The general, aware now that the warning was of much more serious import than he had suspected, broke into the acrimonious debate.

“Never mind questions of royalty!” he snapped. “The safety of the race is paramount. Am I to understand that the situation is really grave?”

“It is worse than grave--it is desperate. The only hope for even ultimate triumph is for as many of us as possible to flee instantly clear out of the Galaxy, in the hope that we may escape the certain destruction to be dealt out to us by the Overlord of the Green System.”

“You speak folly, surely,” returned Fenimol. “Our science is--must be--superior to any other in the Universe?”

“So thought I until this warning came in and I had an opportunity to study it. Then I knew that we are opposed by a science immeasurably higher than our own.”

“Such vermin as those two whom one of our smallest scouts captured without a battle, vessel and all? In what respects is their science even comparable to ours?”

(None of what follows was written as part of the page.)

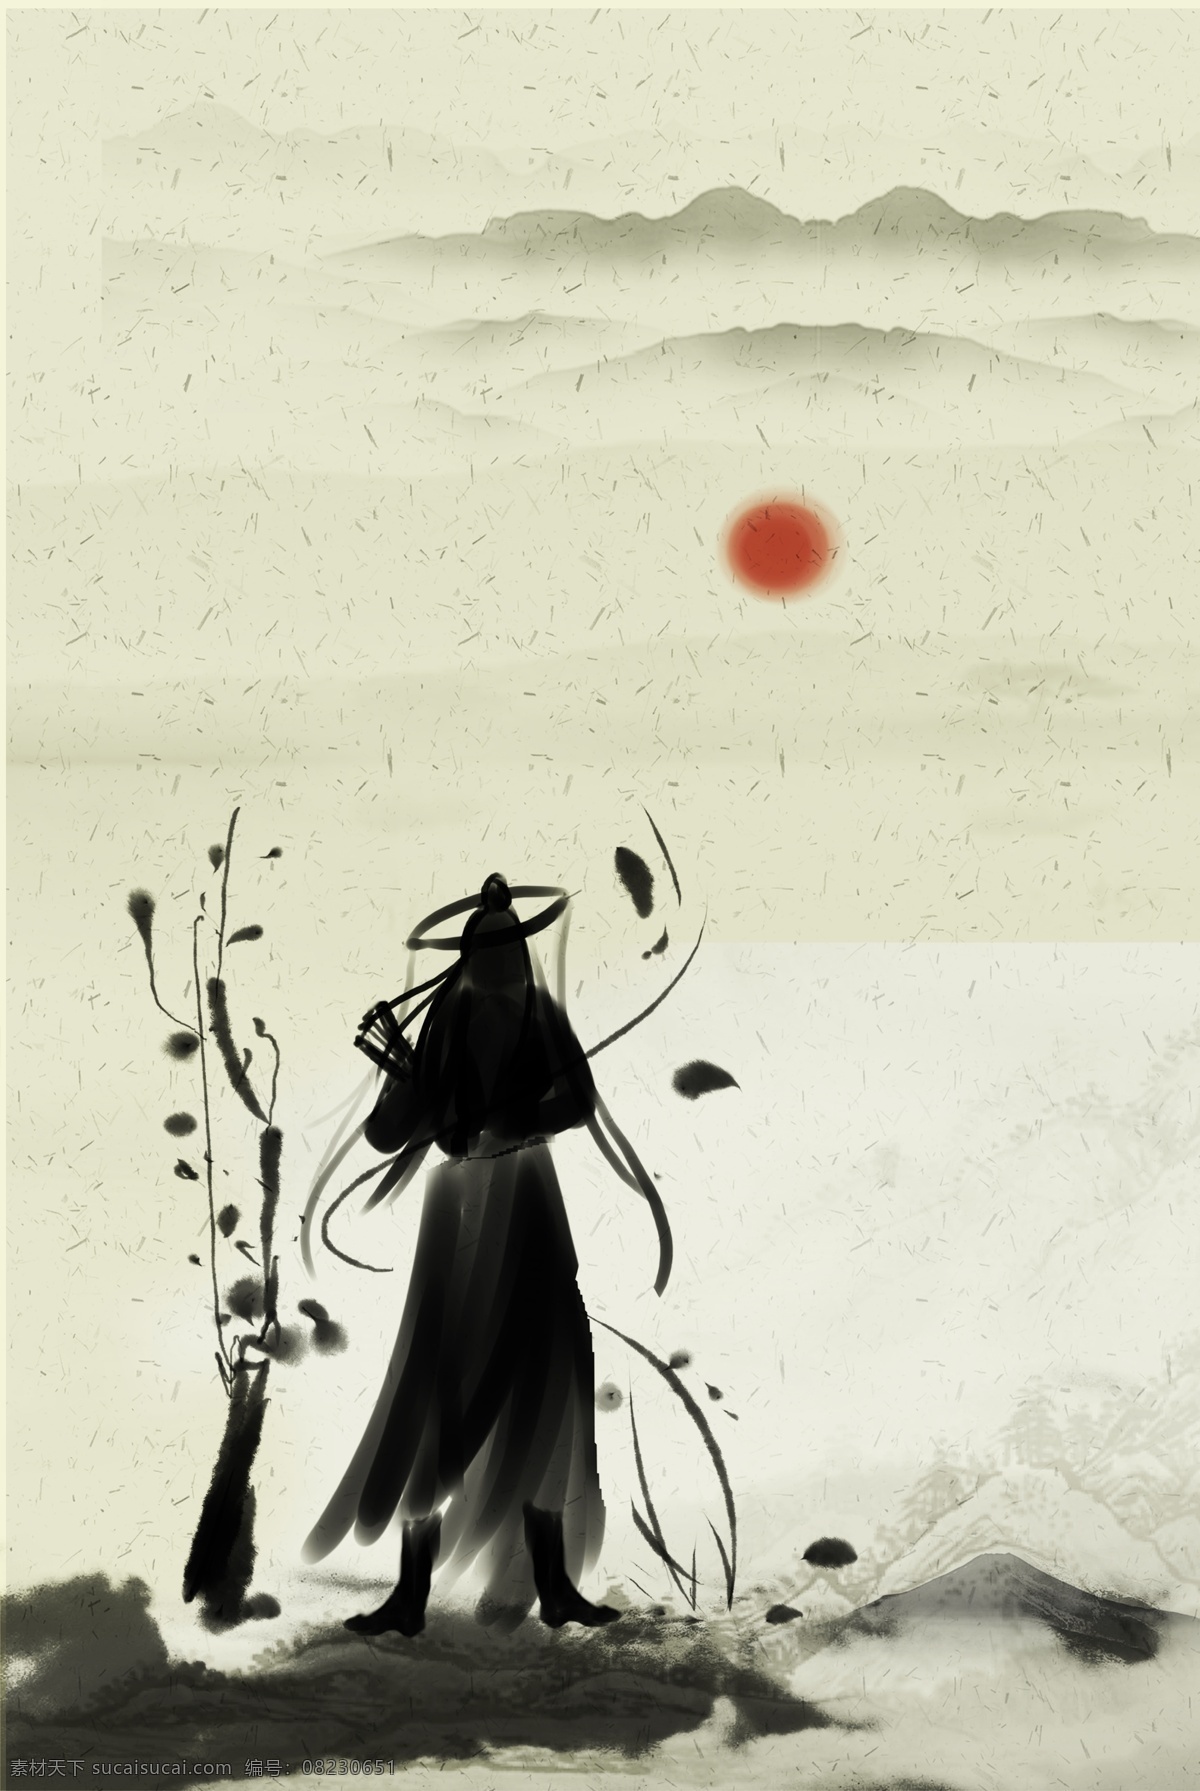 典雅 江湖 水墨 人物 海报 背景 复古 中国风 文艺 清新 质感 纹理 渐变 质朴

“Not those vermin, no. The one who calls himself the Overlord. That one is our master. He can penetrate the impenetrable shield of force and can operate mechanisms of pure force behind it; he can heterodyne, transmit, and use the infra-rays, of whose very existence we were in doubt until recently! While that warning was being delivered he was, in all probability, watching you and listening to you, face to face. You in your ignorance supposed his warning borne by the ether, and thought therefore he must be close to this system. He is very probably at home in the Central System, and is at this moment preparing the forces he intends to hurl against us.”

The Emperor fell back into his seat, all his pomposity gone, but the general stiffened eagerly and went straight to the point.

“How do you know these things?”

“Largely by deduction. We of the school of science have cautioned you repeatedly to postpone the Day of Conquest until we should have mastered the secrets of sub-rays and of infra-rays. Unheeding, you of war have gone ahead with your plans, while we of science have continued to study. We know a little of the sub-rays, which we use every day, and practically nothing of the infra-rays. Some time ago I developed a detector for infra-rays, which come to us from outer space in small quantities and which are also liberated by our power-plants. It has been regarded as a scientific curiosity only, but this day it proved of real value. This instrument in my hand is such a detector. At normal impacts of infra-rays its light is blue, as you see it now. Some time before the warning sounded it turned a brilliant red, indicating that an intense source of infra-rays was operating in the neighborhood. By plotting lines of force I located the source as being in the air of the council hall, almost directly above the table of state. Therefore the carrier wave must have come through our whole system of screens without so much as giving an alarm. That fact alone proves it to have been an infra-ray. Furthermore, it carried through those screens and released in the council room a system of forces of great complexity, as is shown by their ability to broadcast from those pure forces without material aid a modulated wave in the exact frequency required to energize our general speakers.

“As soon as I perceived these facts I threw about the council room a screen of force entirely impervious to anything longer than ultra-rays. The warning continued, and I then knew that our fears were only too well grounded--that there is in this Galaxy somewhere a race vastly superior to ours in science and that our destruction is a matter of hours, perhaps of minutes.”

“Are these ultra-rays, then, of such a dangerous character?” asked the general. “I had supposed them to be of such infinitely high frequency that they could be of no practical use whatever.”